This is the same photocatalyst employed on the photoanode in our SHG300™ solar hydrogen generators. While its response to visible light is not as deep as with our Visible Light Titania™, the extra response that it has over anatase titania (left) occurs in a steeply rising part of the solar spectrum, such that over twice the solar photon flux is available for hydrogen production compared to anatase titania (click on the figure below left). Moreover, the photoconversion efficiency of our UV-Blue™ rises quickly to better than 80% at close to its bandedge (the figure at left includes Fresnel reflection losses), so that more of that extra photon flux is converted to hydrogen. This remarkable combination of a nearly square-wave photoconversion response and a doubling of available photon flux results in a photocurrent, indicative of hydrogen evolution, more than 10X better than titania.
Unlike Nanoptek’s VLT™ powder, UV-Blue™ is a robust thick film that is formed onto and into a nano-structured titanium substrate. Our process is designed to work with, and in fact is enhanced by, the more economical “commercially pure” Grades 1 and 2 of titanium that are widely available as tubes, plates, or sheets.
We also produce UV-Blue 254™ that we tune for an improved response over UV-Blue™ at the 254 nm wavelength of germicidal lamps already in use in many water purification products and systems. Manufacturers, replace your current titania with our UV-Blue 254™ for improved effectiveness with lower electricity costs. Talk to us for free small sample coupons, or to purchase larger pieces for evaluation.
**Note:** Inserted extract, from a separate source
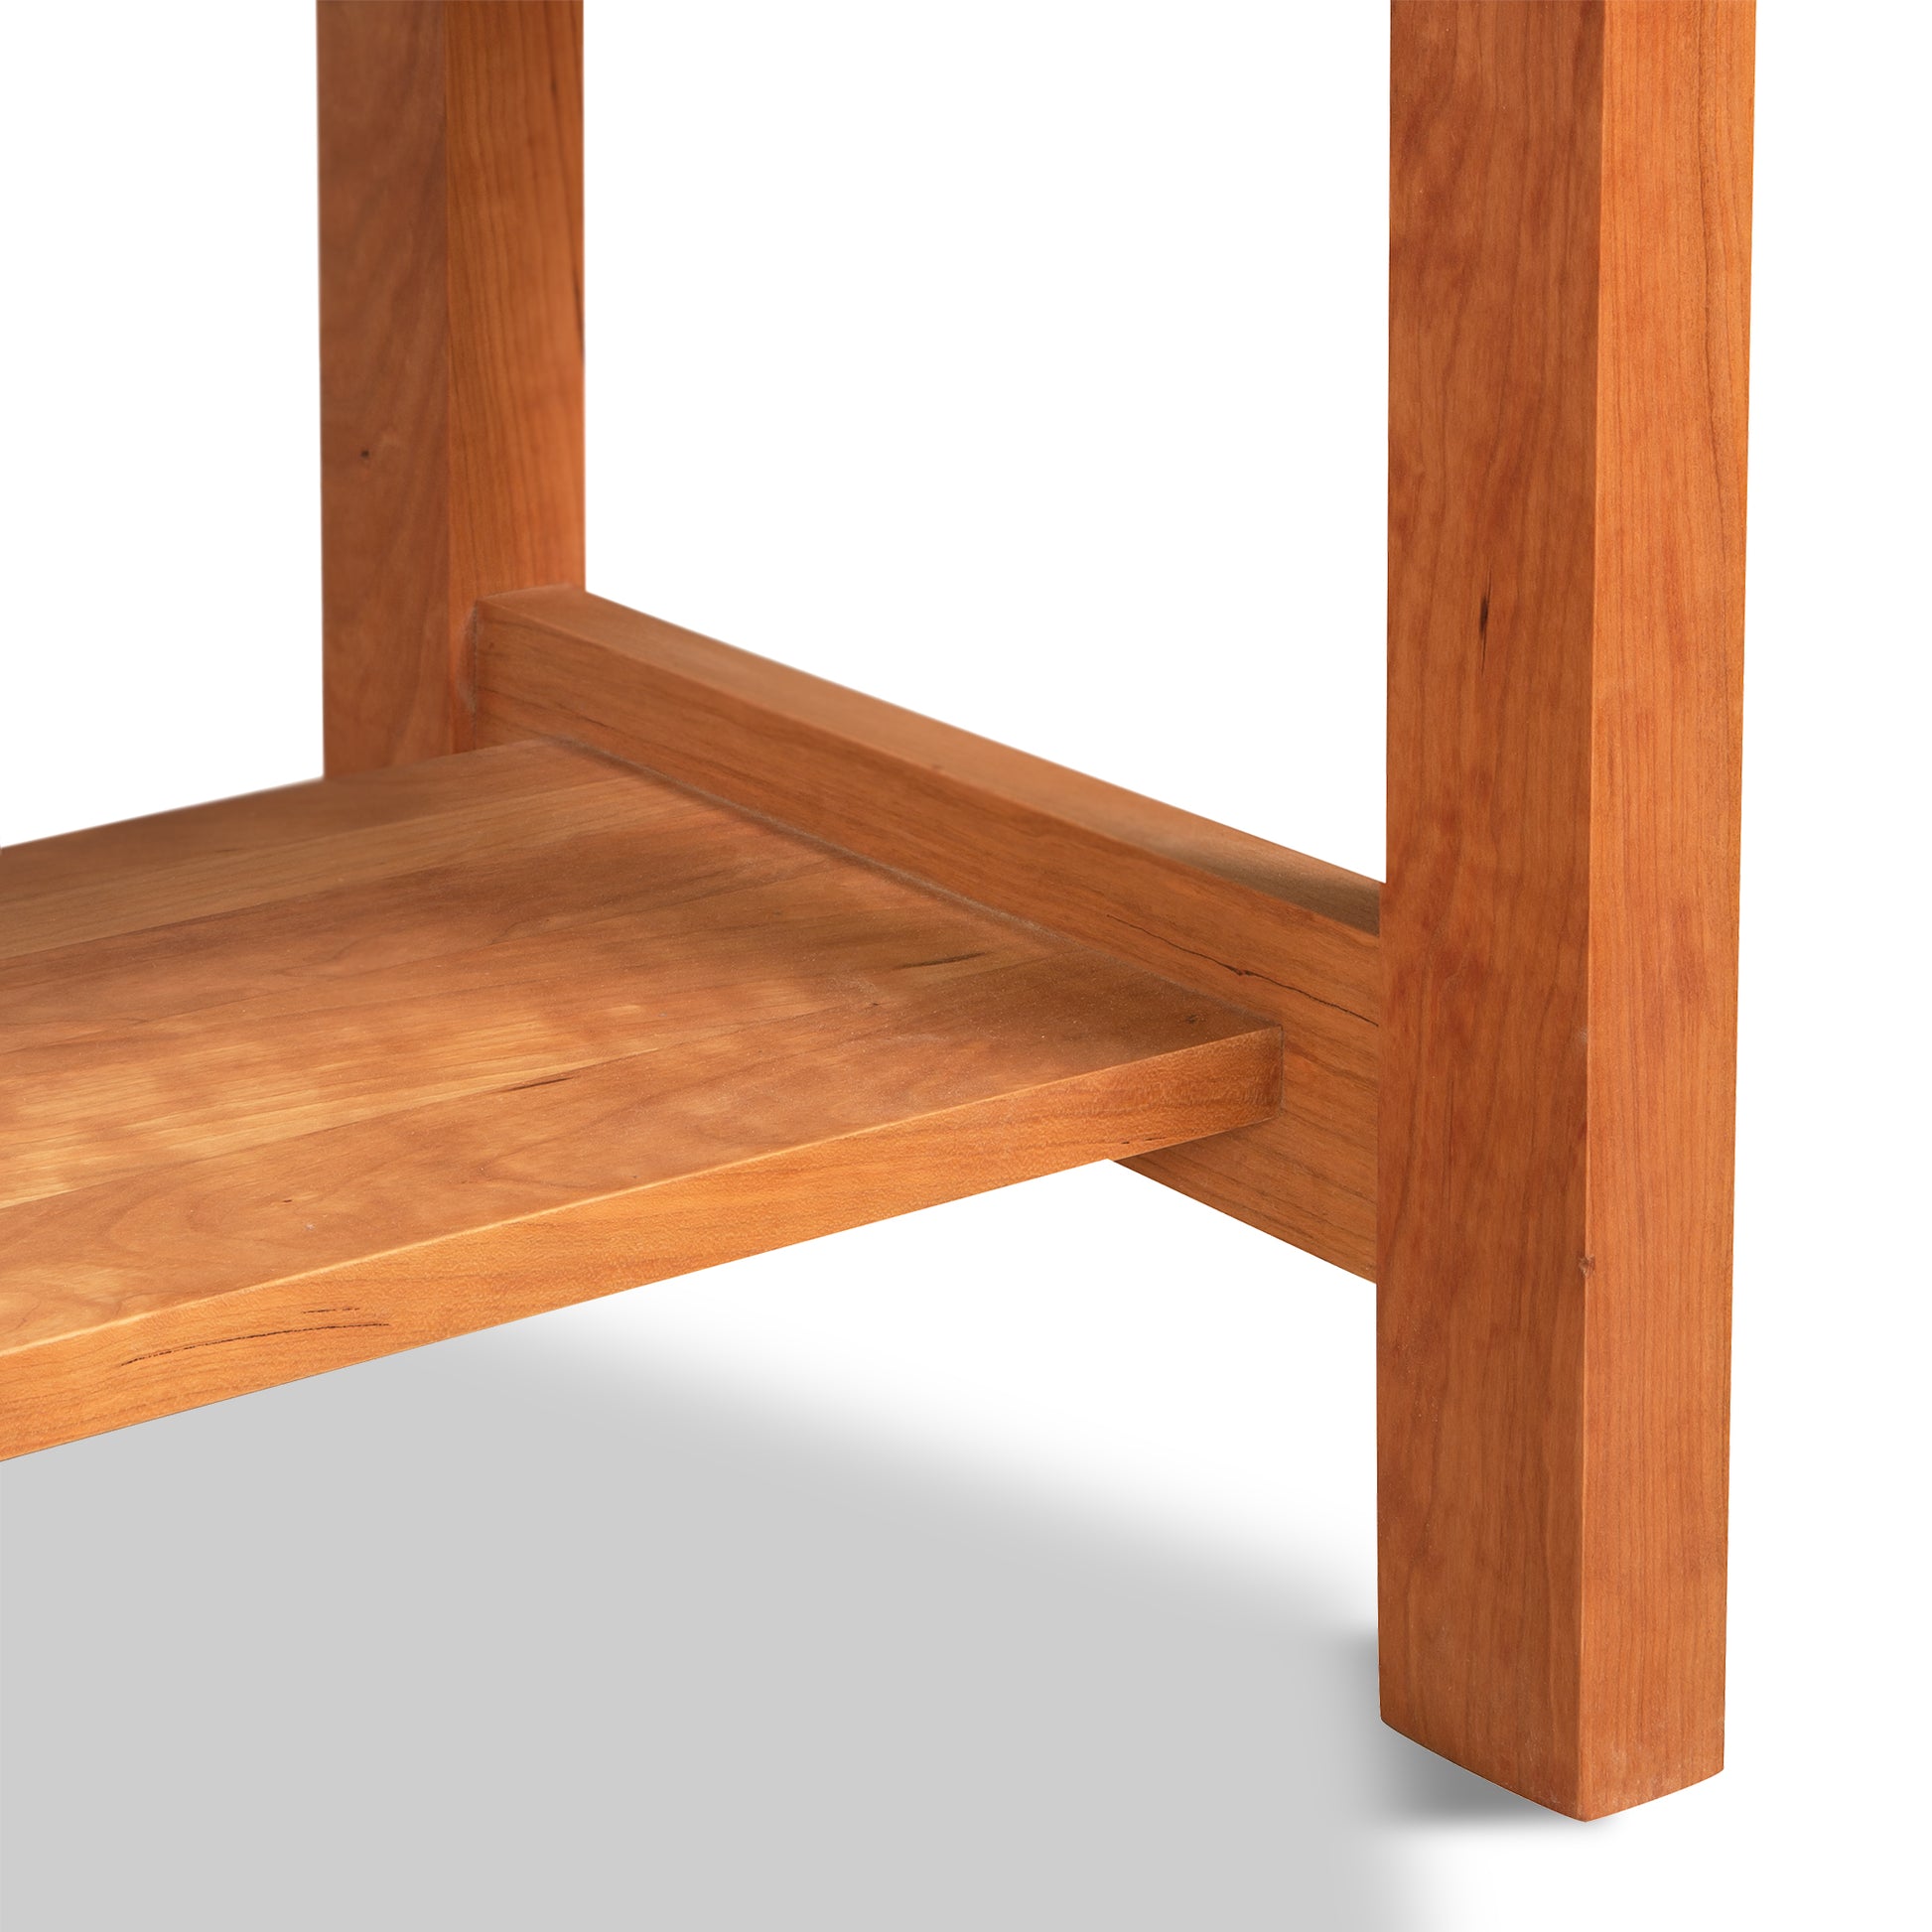 A Vermont Furniture Designs Burlington Shaker 2-Drawer coffee table.

While others show centimeter-size samples, we produce our UV-Blue™ and UV-Blue 254™ photocatalyst by the square meter. The image at right shows several photoanodes that are 38 inches long and 3.125 inches wide, with louvers added for more efficient ion flow.
Further, the band edges of Nanoptek’s UV-Blue™ photocatalyst are engineered so that it operates at as much as 80% of its full photolytic capacity with no bias voltage at all, and even with losses inherent in scaled-up device implementations will reach its full capacity with as little as 0.75 VDC of overvoltage.